▶ **Data extract**:
- Opening Delimiter -

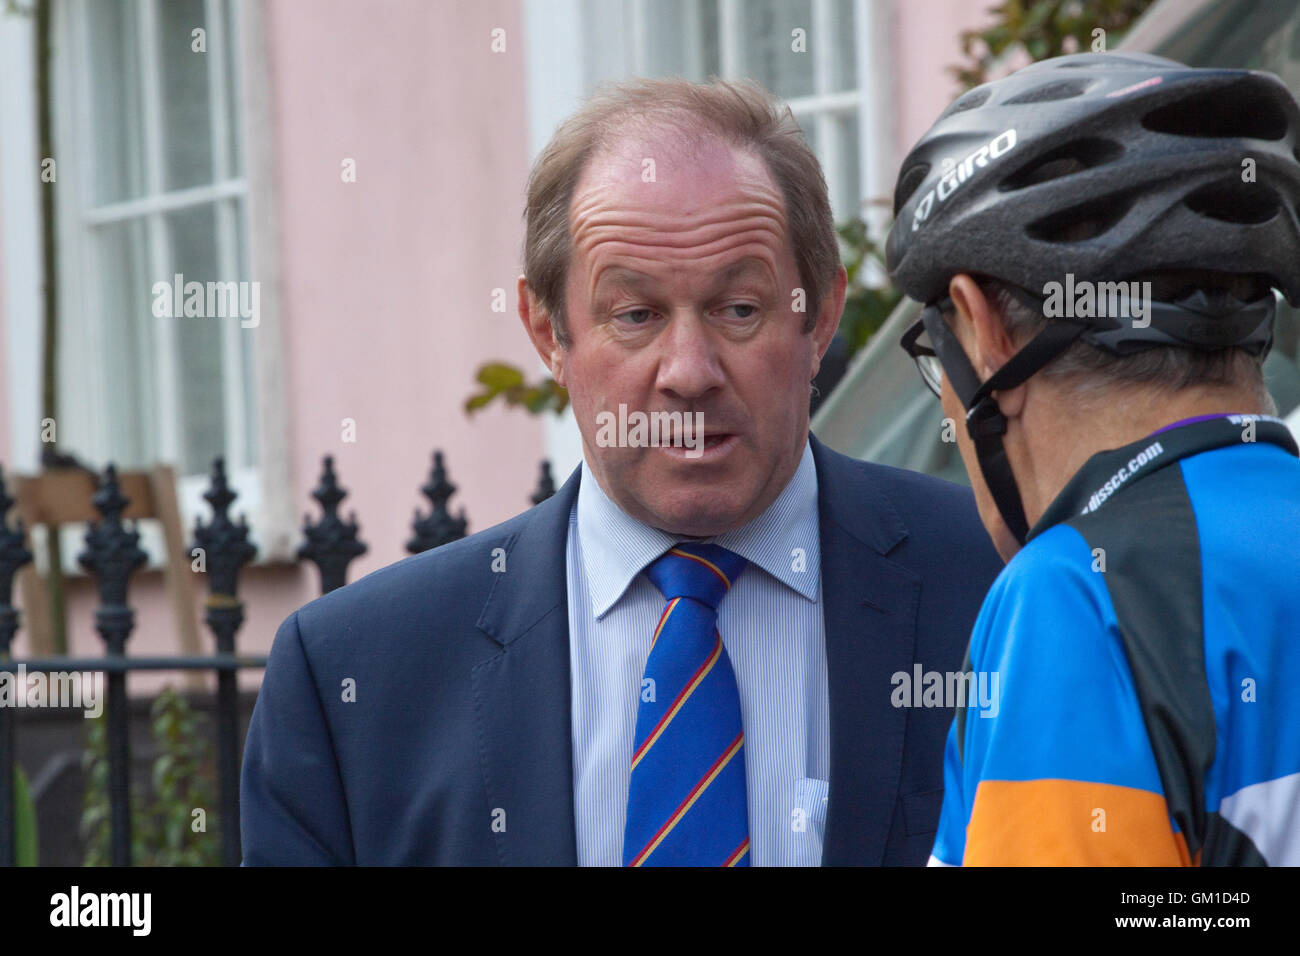 Suffolk Police and Crime Commissioner Tim Passmore in conversation with a cyclist Stock Photo
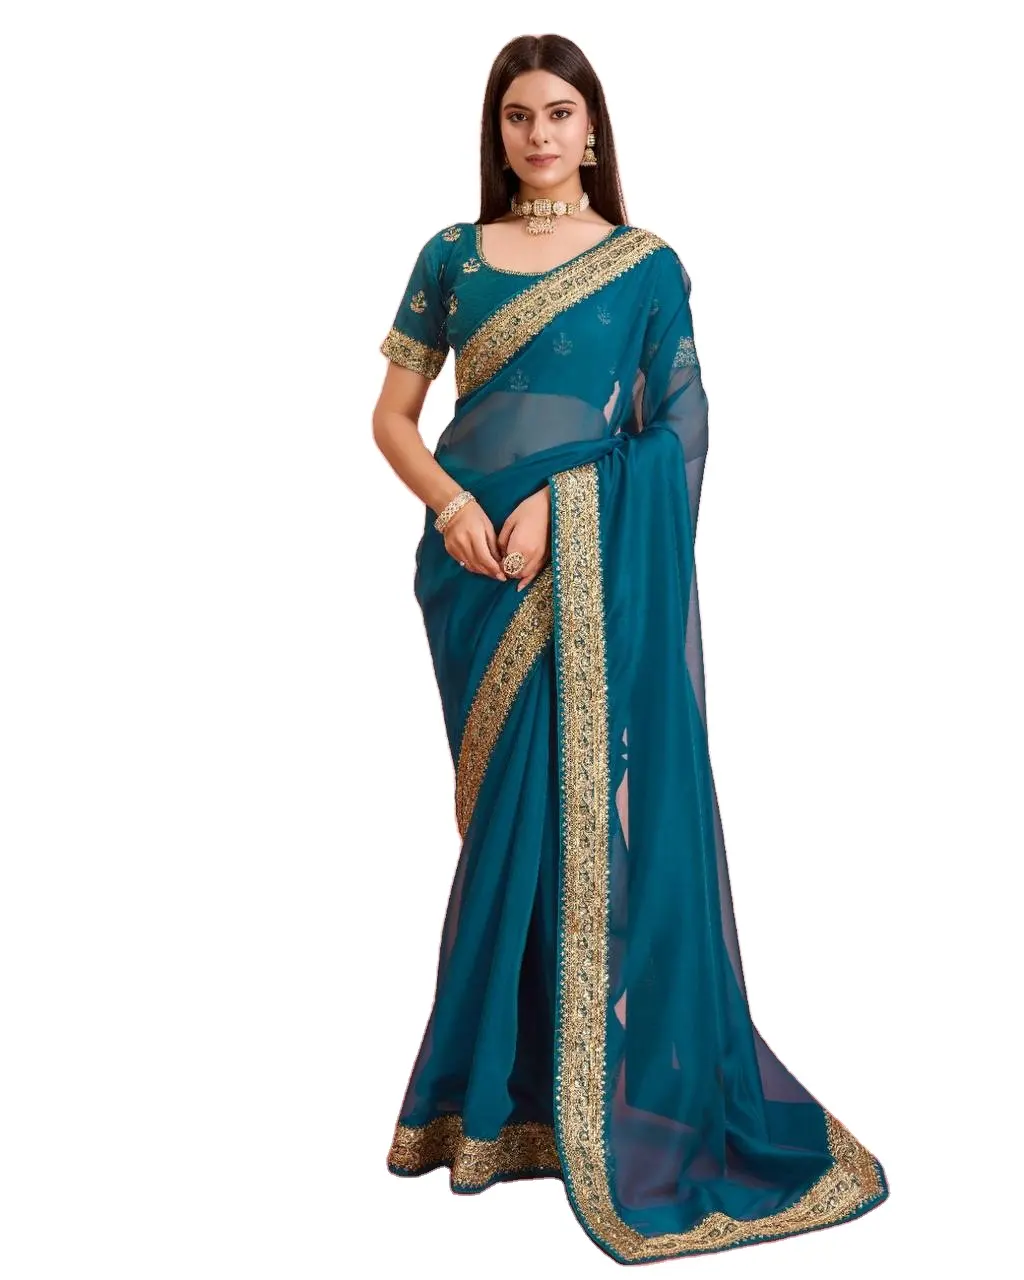 Latest Hot Selling Wedding and Festival Wear Bridal Silk Saree for Women Wedding and Party Wear
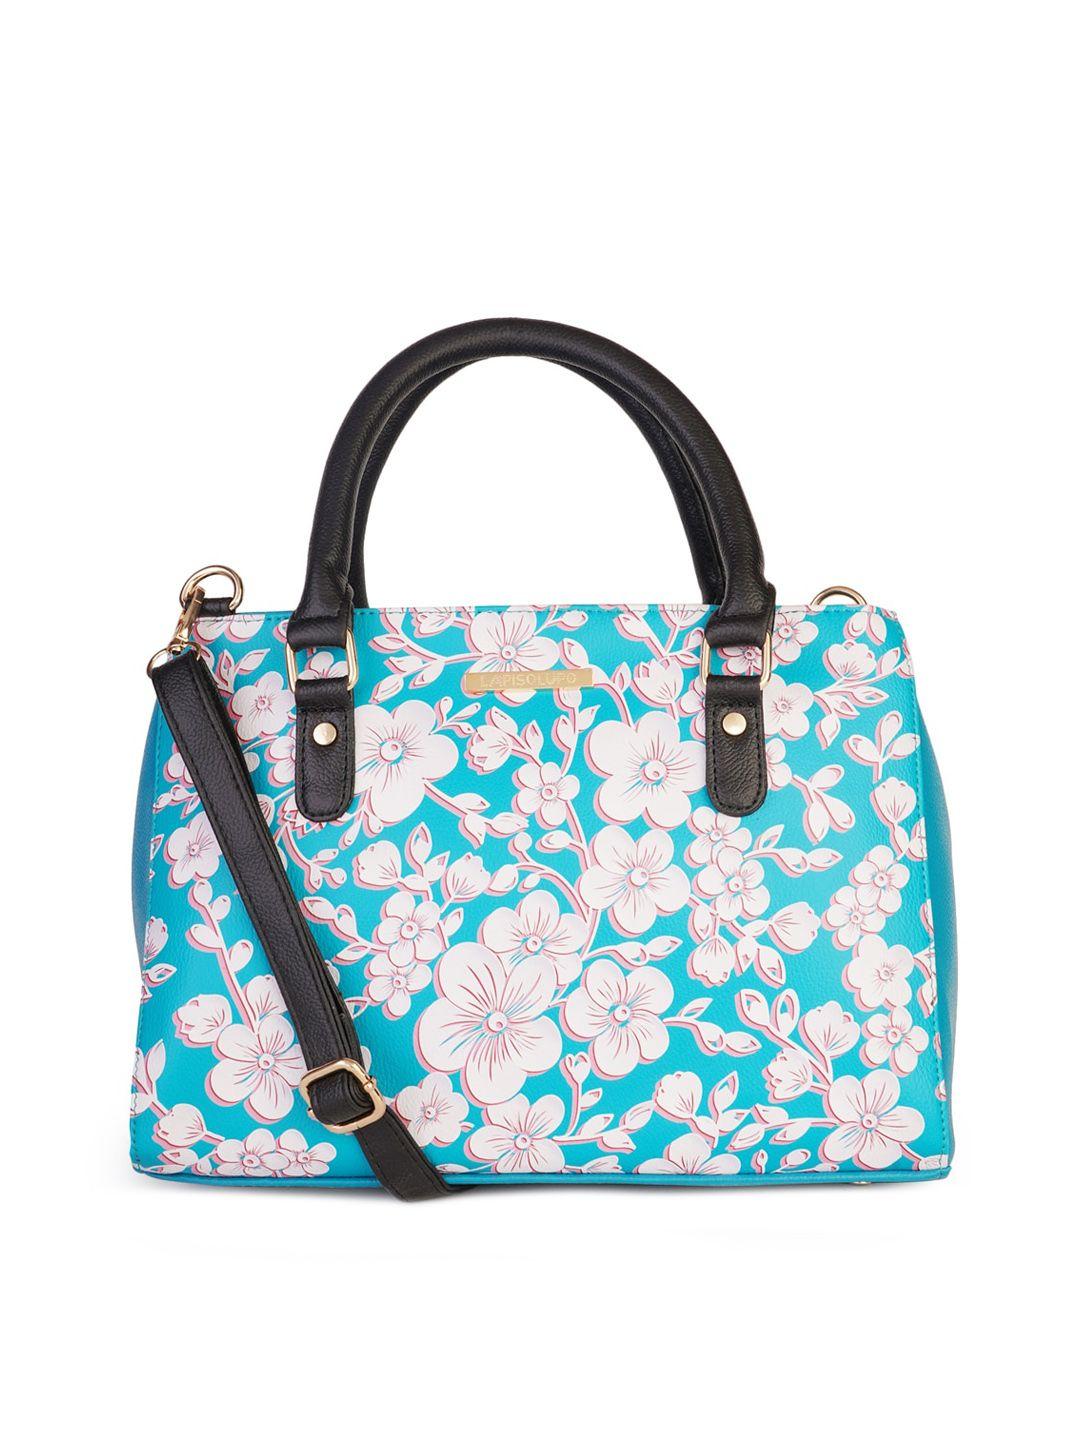 lapis o lupo women turquoise blue floral printed structured handheld bag

- Closing Delimiter -

▶ **Directions**: Everything but the pictures is needed: copy the data above exactly.

▶ **Task output**:
 Suffolk Police and Crime Commissioner Tim Passmore in conversation with a cyclist Stock Photo
 Latest Hot Selling Wedding and Festival Wear Bridal Silk Saree for Women Wedding and Party Wear
 lapis o lupo women turquoise blue floral printed structured handheld bag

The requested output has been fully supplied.